▶

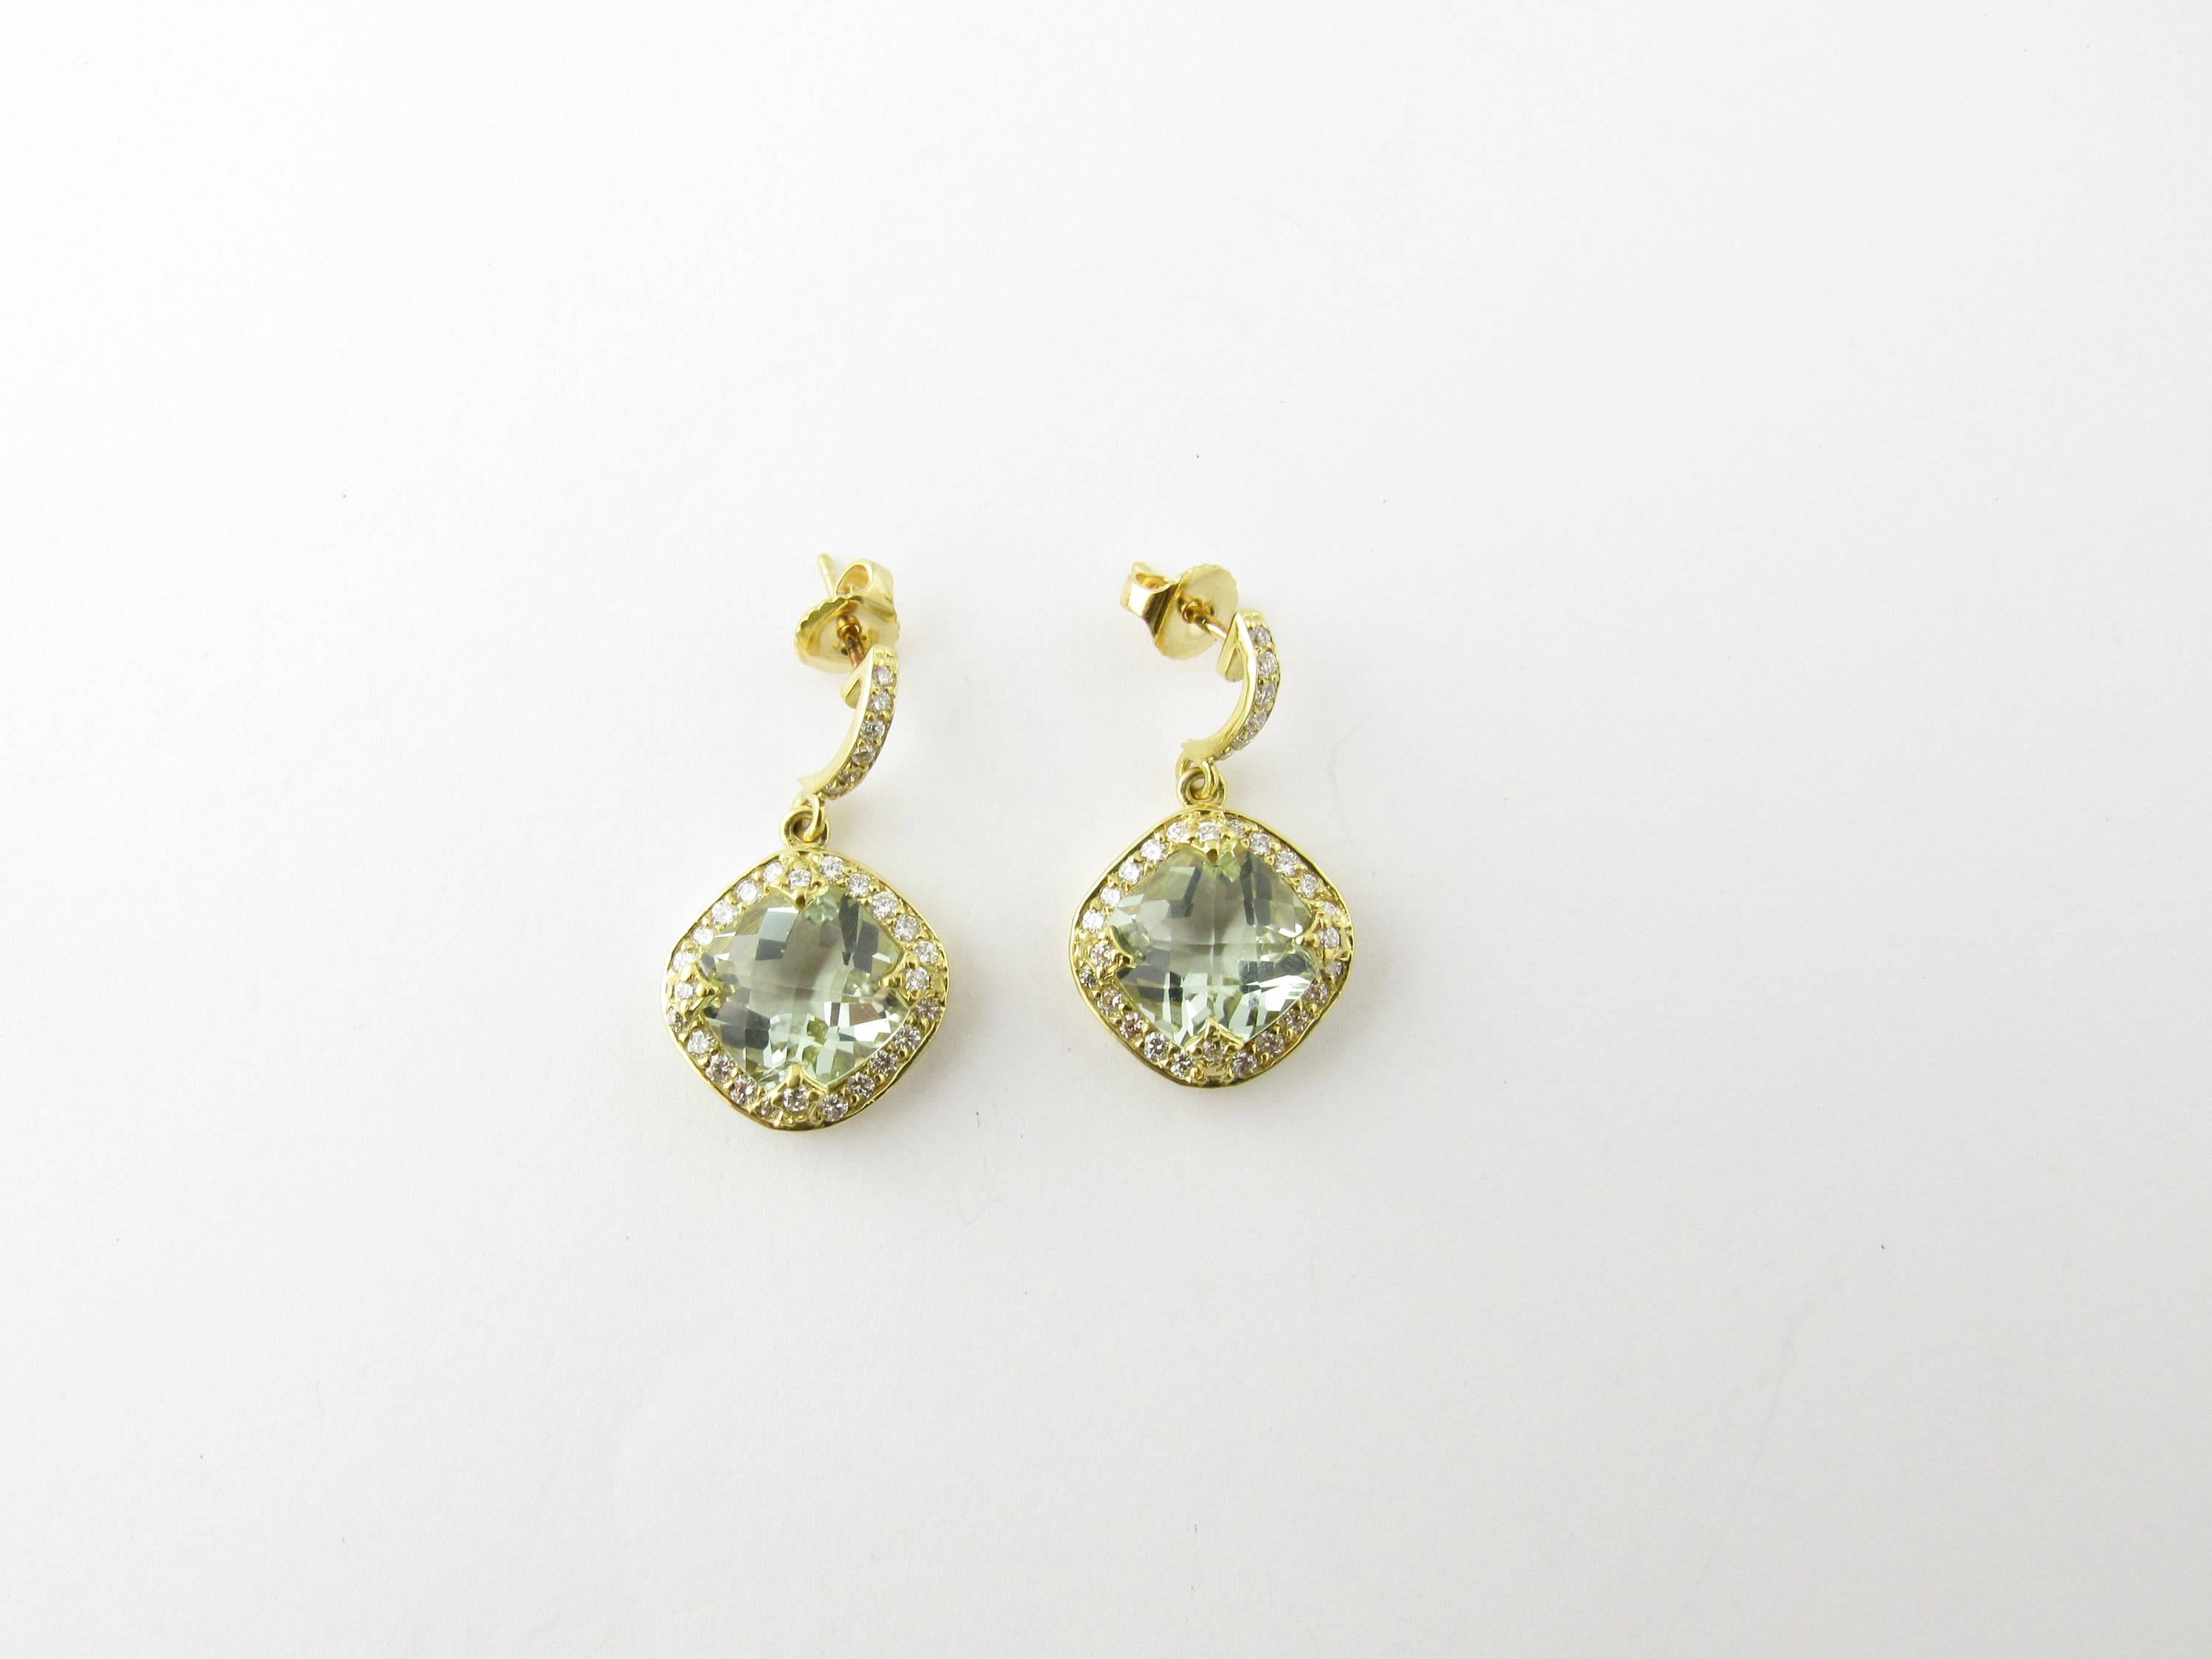 Vintage 18 Karat Yellow Gold Aquamarine and Diamond Earrings- 
These stunning dangling earrings each feature one square genuine aquamarine (10 mm x 10 mm) accented with 30 round brilliant cut diamonds and set in 18K yellow gold. 
Approximate total
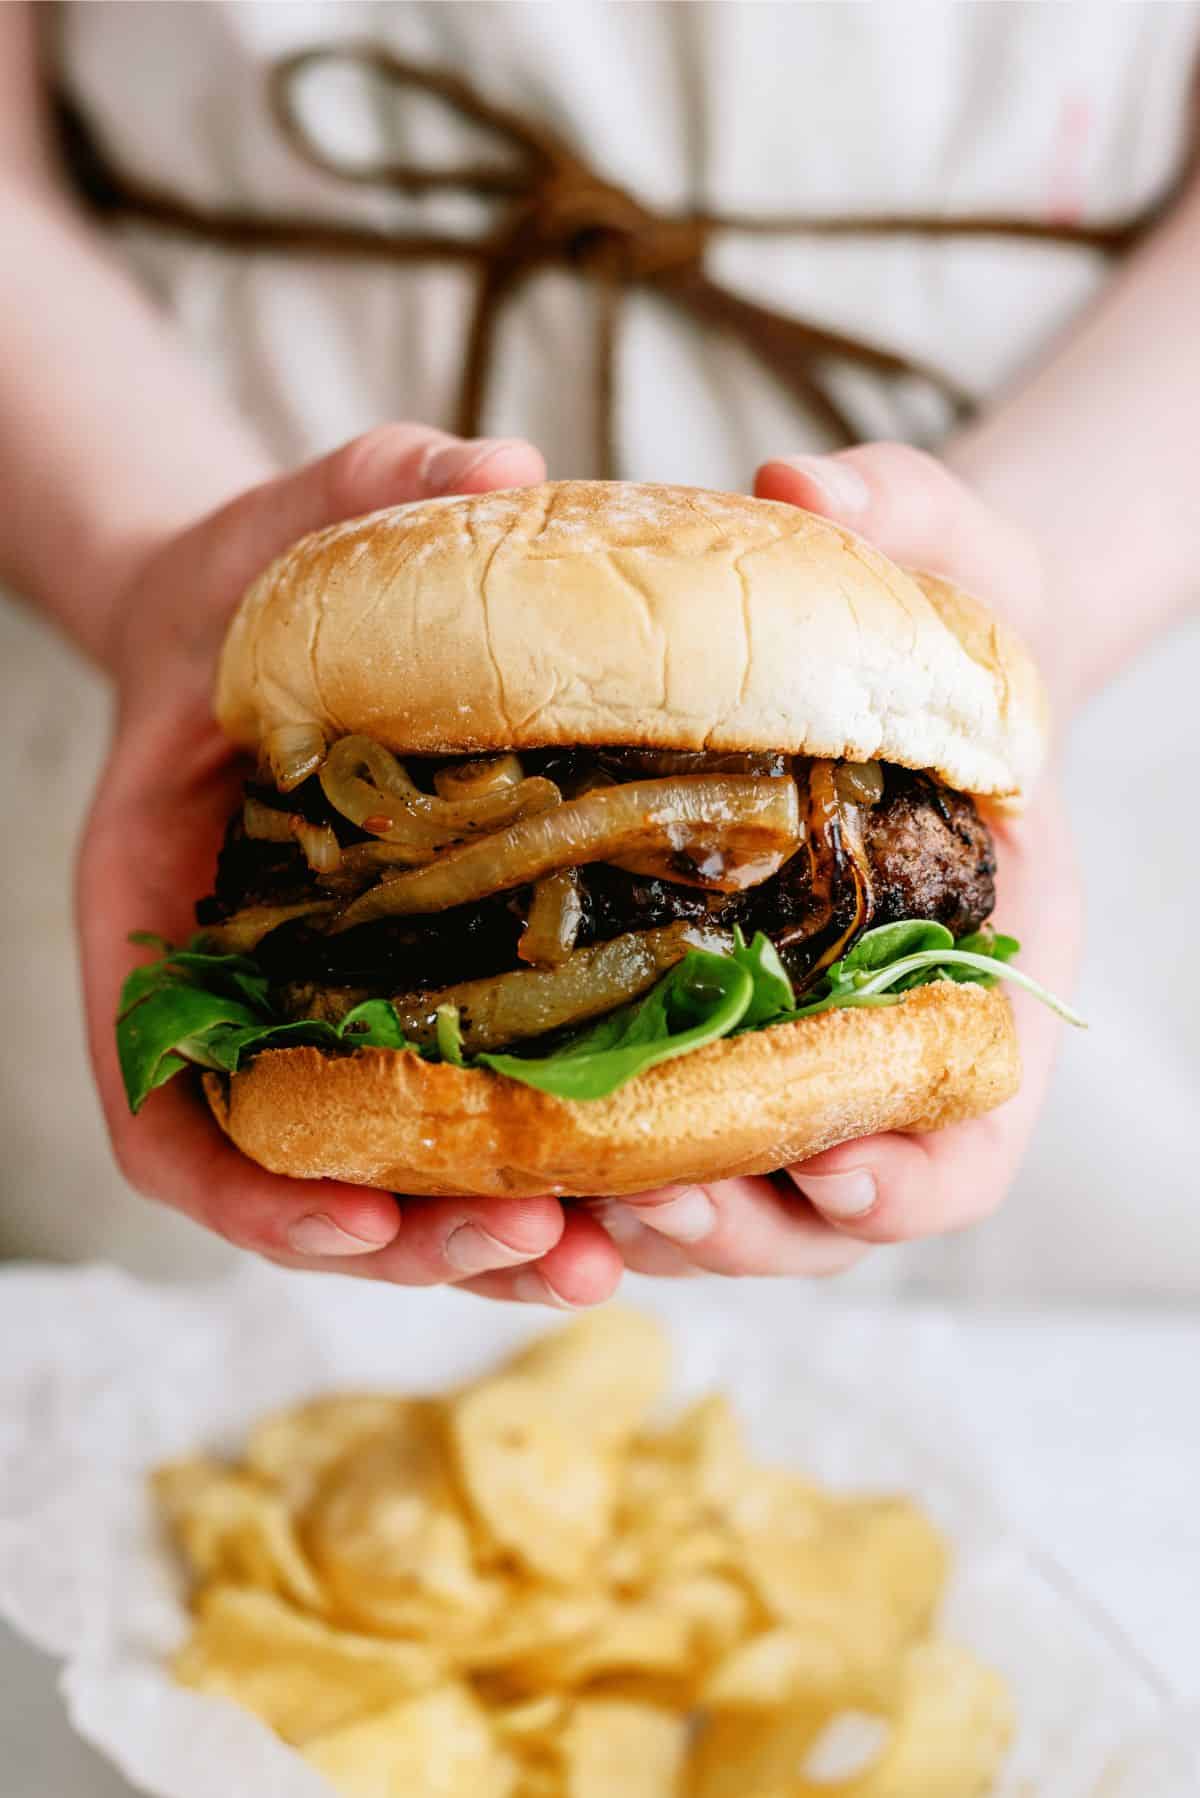 Holding a Grilled Teriyaki Burger with toppings
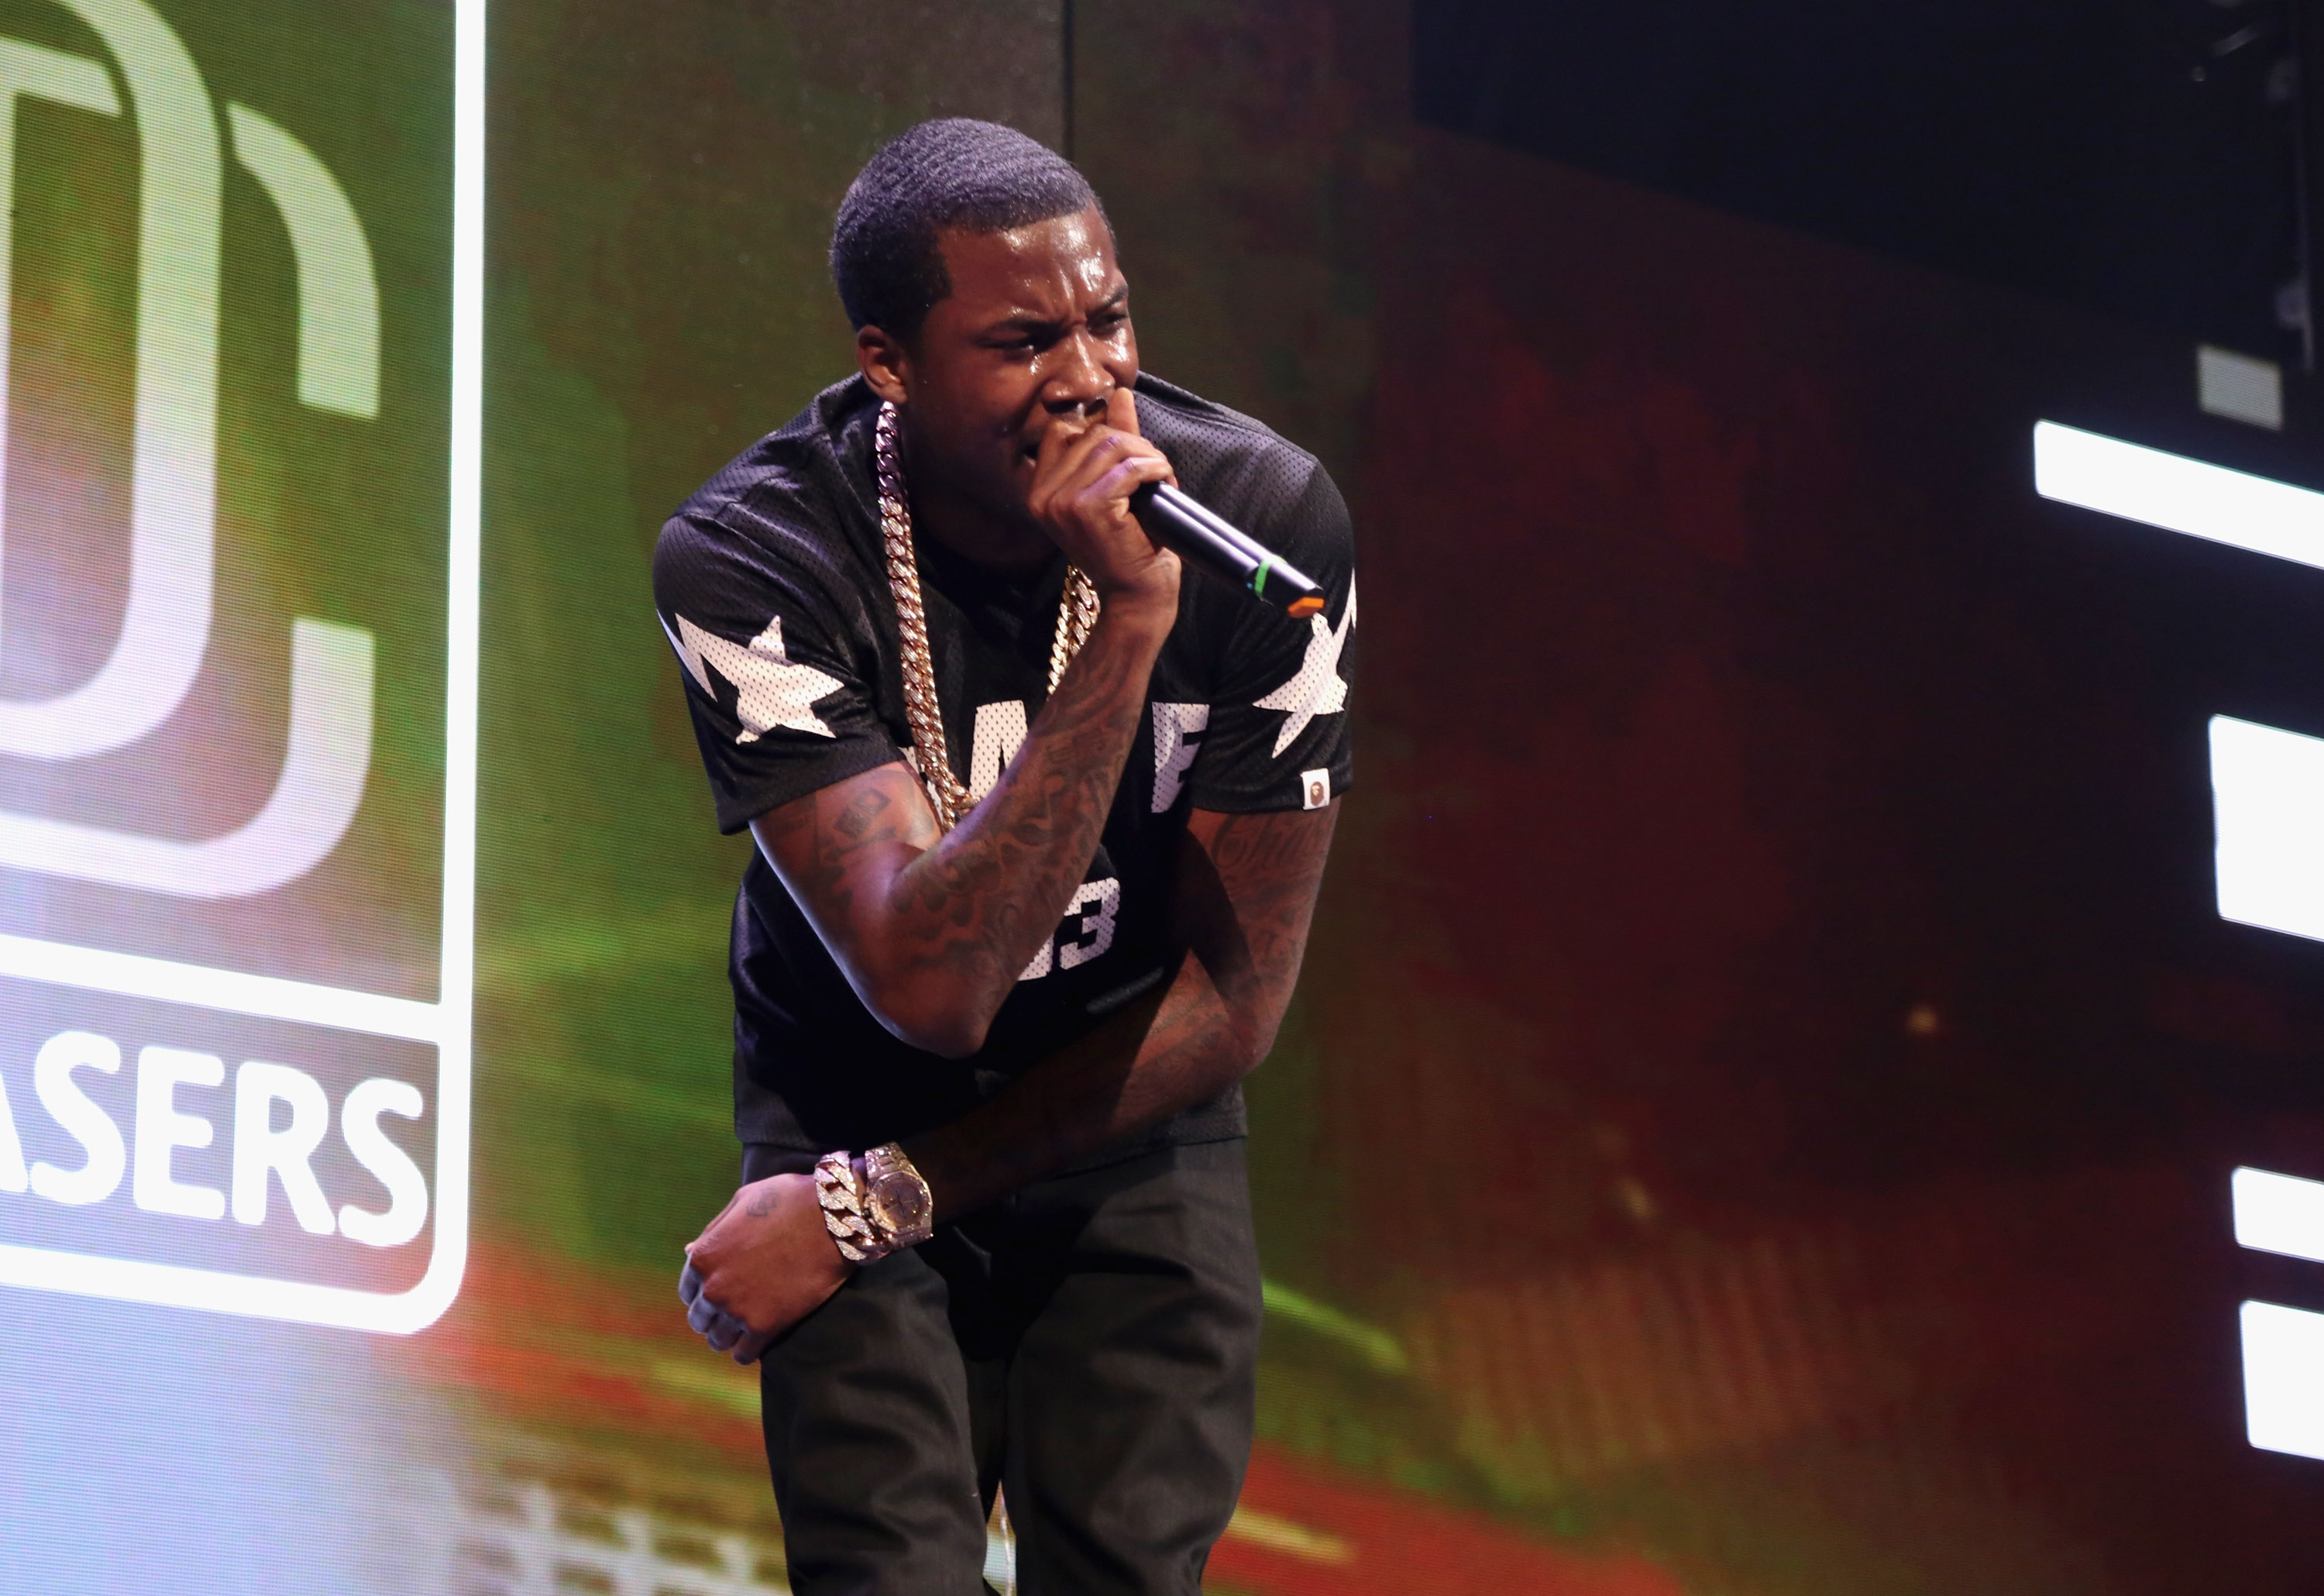 Meek Mill to Perform at Roc Nation's NFL Kickoff Concert

◀

PROBLEM REQUIREMENTS |
Would you retype the lines from the line containing "These stunning dangling" to the final line of the entries above, exactly as given and without pictures?

WRITTEN RESPONSE |
These stunning dangling earrings each feature one square genuine aquamarine (10 mm x 10 mm) accented with 30 round brilliant cut diamonds and set in 18K yellow gold. 
Approximate total
 Holding a Grilled Teriyaki Burger with toppings
 Meek Mill to Perform at Roc Nation's NFL Kickoff Concert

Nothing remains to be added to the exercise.